The councilman met last week with Daniel Lee, Pinnacle chief executive officer, and requested documents related to potential foundations that could be formed by Pinnacle to help the Lemay area. Campisi wanted more details surrounding the road construction and enhancements that would result in a new route to the proposed Pinnacle site, if approved. Pinnacle is promising a four-lane extension of Carondelet and Weber avenues from Lemay Ferry Road to the Lemay site to provide better access to the former National Lead site.

Campisi also prodded about the company's financial status, he told the Call, questioning the company's financial ability to take on two new casinos and additionally requesting how much money it takes for Pinnacle to operate the company's out-of-state gaming facilities. The city of St. Louis also has selected Pinnacle to construct a casino in Laclede's Landing, across from the Edward Jones Dome.

Campisi also asked for and is studying the recent lease agreement between the St. Louis County Port Authority and Pinnacle Entertainment.

"Here's what I'm looking for," Campisi said of his interest in the Port Authority lease agreement. "I want to know where the money's going. Back when people first let casinos into Missouri, all that money was supposed to be going toward the schools. And where is this money going?
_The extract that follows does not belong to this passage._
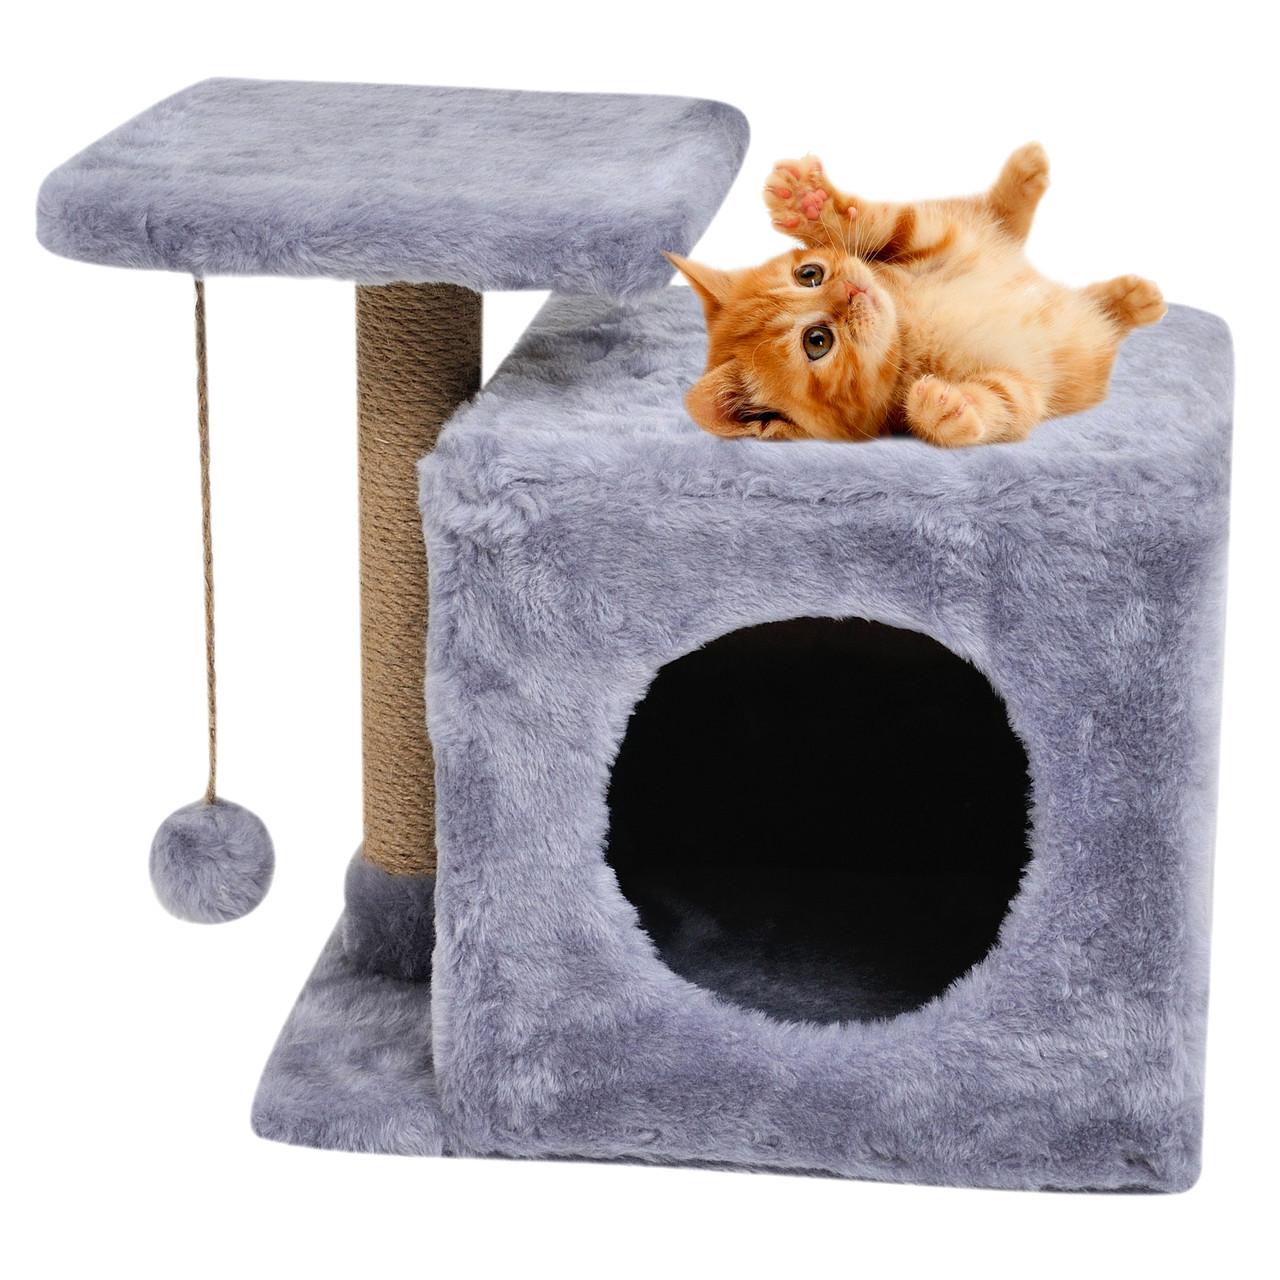 Домик-когтеточка с полкой Милана 43х33х45 см (дряпка) для кошки Серый

I'm not going to let it go back into the black hole of the (county's) general fund."

Campisi also raised concerns over a potential agreement for Pinnacle to pay lease payments in lieu of taxes and he requested more details surrounding the community facilities that could be built by Pinnacle.

Still, Campisi told the Call he hadn't had much time to review the agreement and he knew more questions were to come — one of the reasons he decided to sponsor a public forum tonight — April 22.

Aside from the council's three-part hearing, Campisi wanted to conduct his own forum to offer one more opportunity for residents to share their opinions with him.

The public forum will be at 7 p.m. at Oakville Senior High School, 5557 Milburn Road.

Despite all the opportunities for public comment, Mange agreed that councilmen are frustrated with the lack of time to consider the proposal, as the Missouri Gaming Commission is planning to make its decision regarding all St. Louis gaming proposals in mid-June.

Additionally, the commission tentatively scheduled its public hearings for St. Louis gaming May 24 and May 25. For a list of finalized hearing times, dates and locations, visit the Gaming Commission's Web site, www.mgc.state.mo.us.

"That puts us under a little bit of a crunch," Mange said. "That doesn't give us much time. One of the problems is that we've been, under law, shut out of the process. No gaming company has been permitted to speak with elected officials. They just finished (negotiations) last week, handed this to us and yet we've been put under time pressure to make a recommendation between now and the gaming commission's recommendation.

"The Missouri Gaming Commission will make a decision if we don't give them a recommendation ... That, in essence, is a no-decision on our part. If we don't tell them we either want it or don't want it, they won't have any guidance from us on which to base their decision,'' he added.